> _PROBLEM DETAILS_
Write the listing below out again exactly, dropping the images.

> _SUPPLIED INFORMATION_
--- --- ---

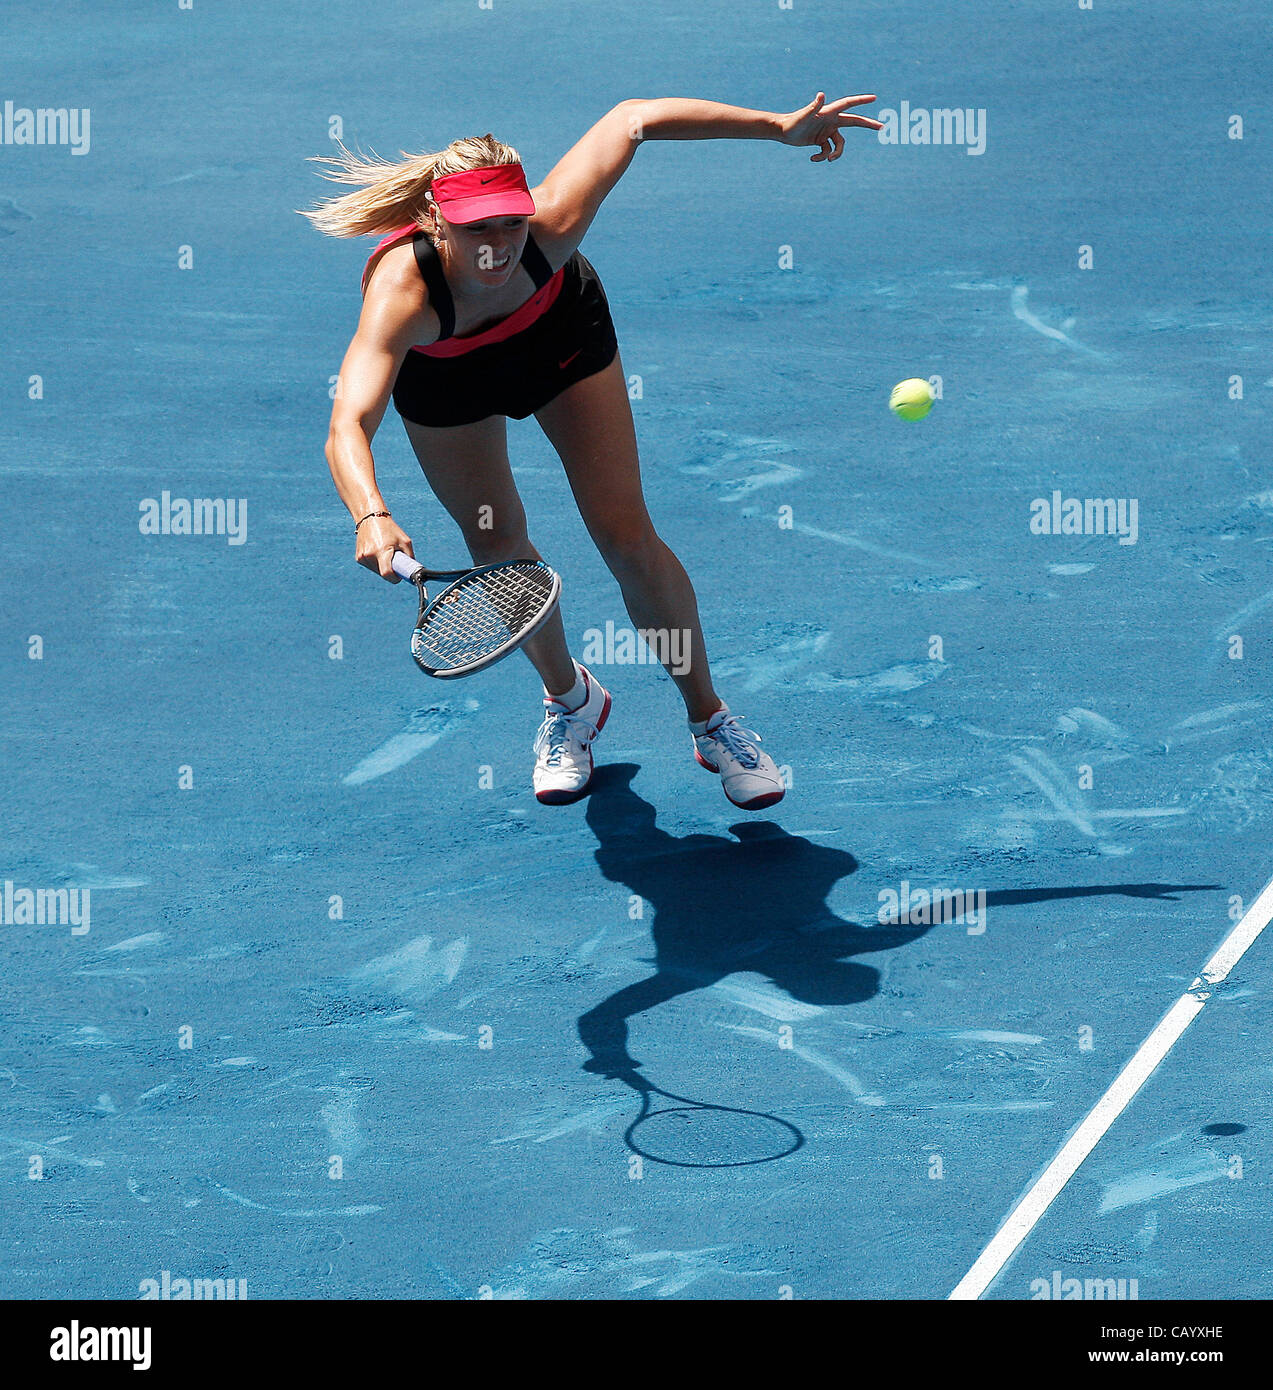 11.05.2012 Madrid, Spanien. Maria Sharapova in Aktion gegen Serena Williams im 1/4 Finale Einzel WTA Madrid Masters Tennisturnier. Stockfoto
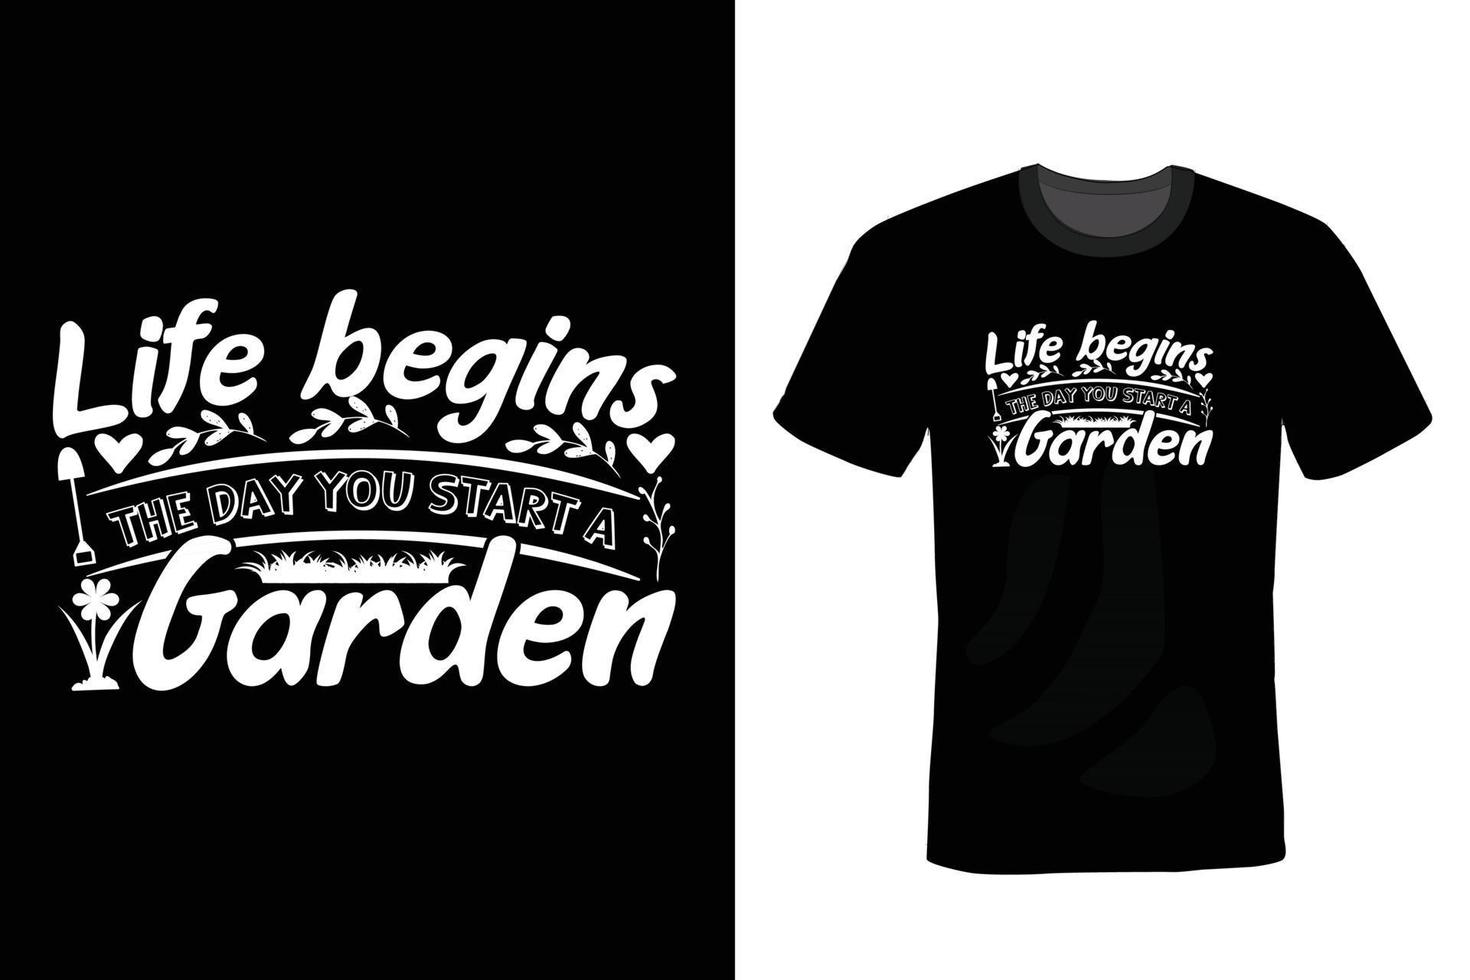 diseño de camiseta de jardín, vintage, tipografía vector
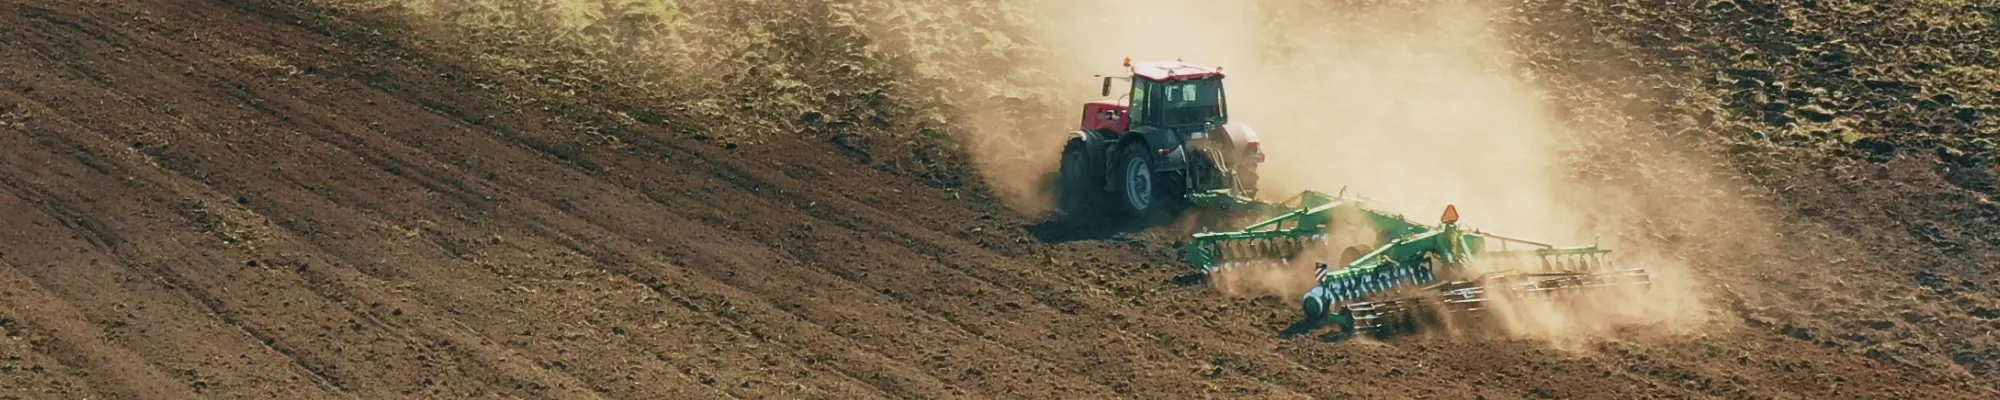 Tracteur en action dans les champs - Promotion de l'agriculture éco-consciente avec le World Climate Farm Tool pour le bilan climatique
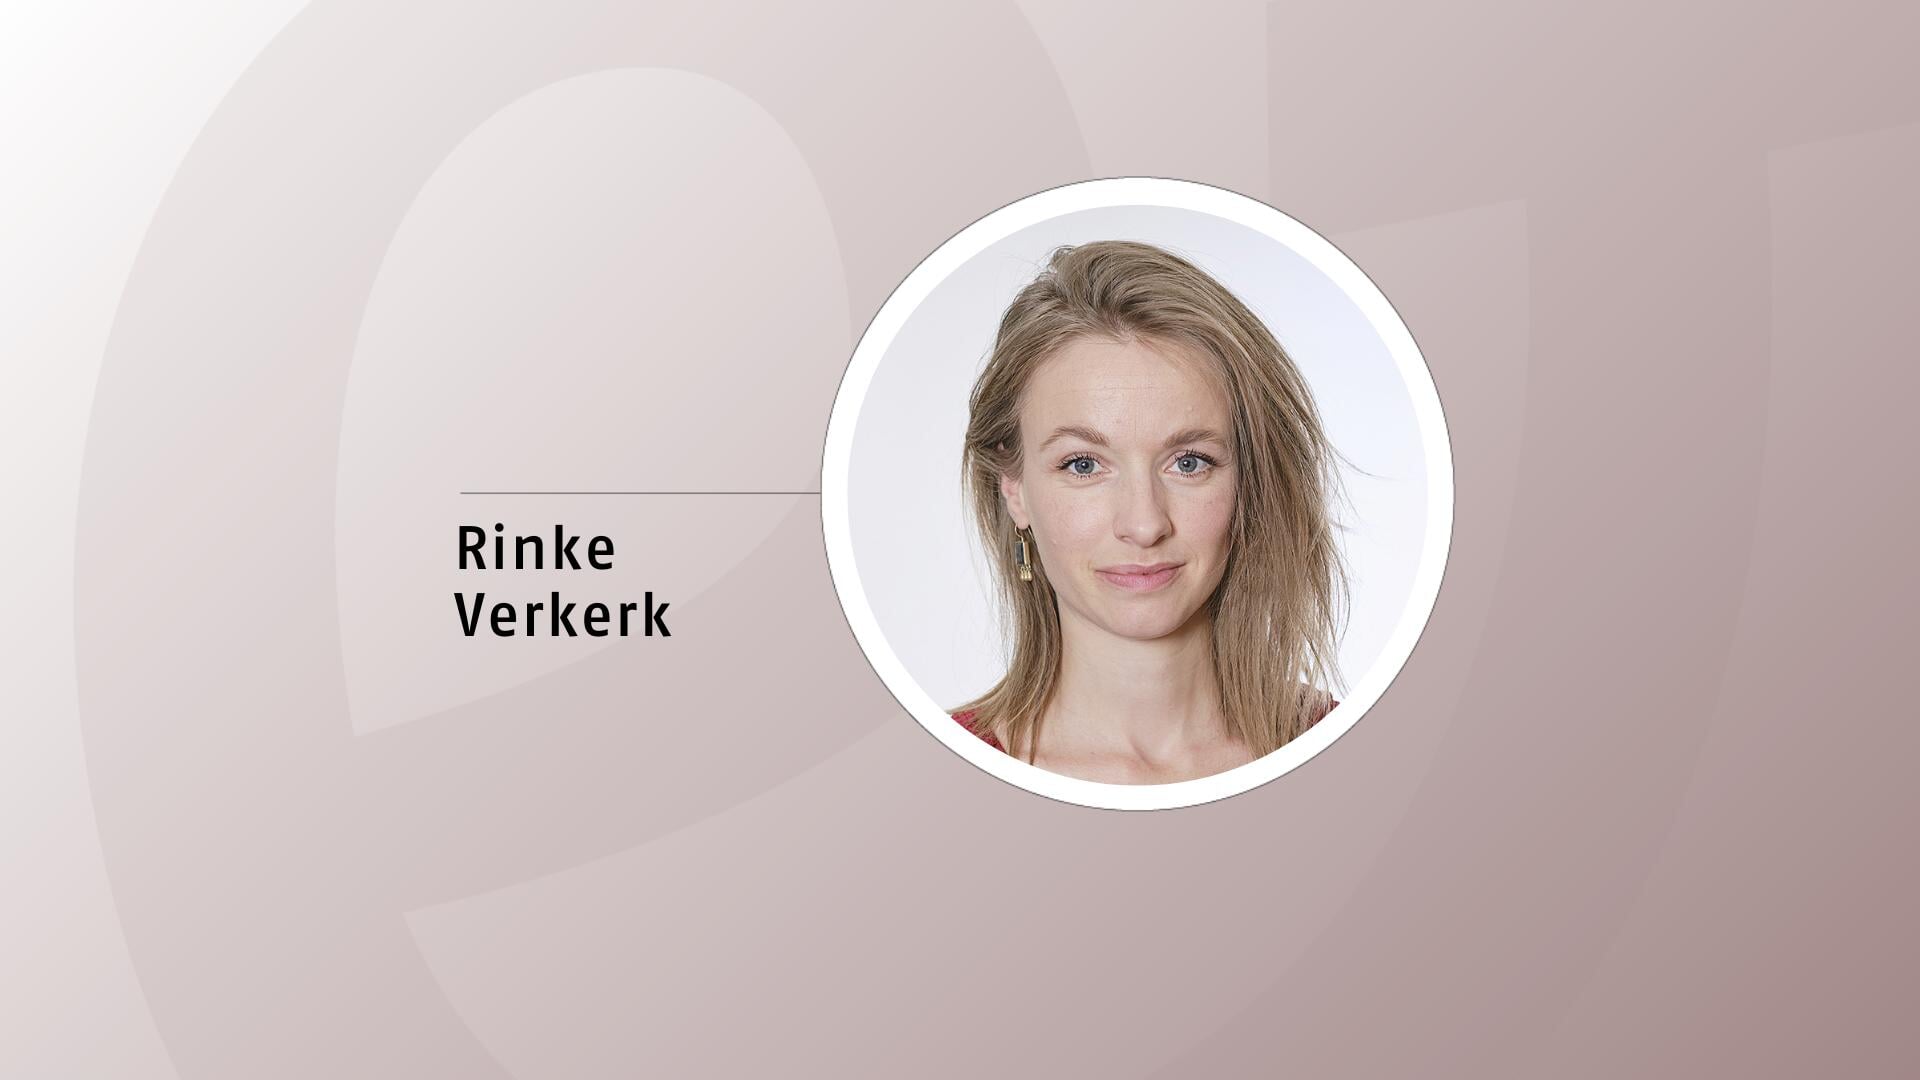 Rinke Verkerk

--- --- ---

> _OUTPUT OF THE EXERCISE_
 11.05.2012 Madrid, Spanien. Maria Sharapova in Aktion gegen Serena Williams im 1/4 Finale Einzel WTA Madrid Masters Tennisturnier. Stockfoto
 diseño de camiseta de jardín, vintage, tipografía vector
 Tracteur en action dans les champs - Promotion de l'agriculture éco-consciente avec le World Climate Farm Tool pour le bilan climatique
 Rinke Verkerk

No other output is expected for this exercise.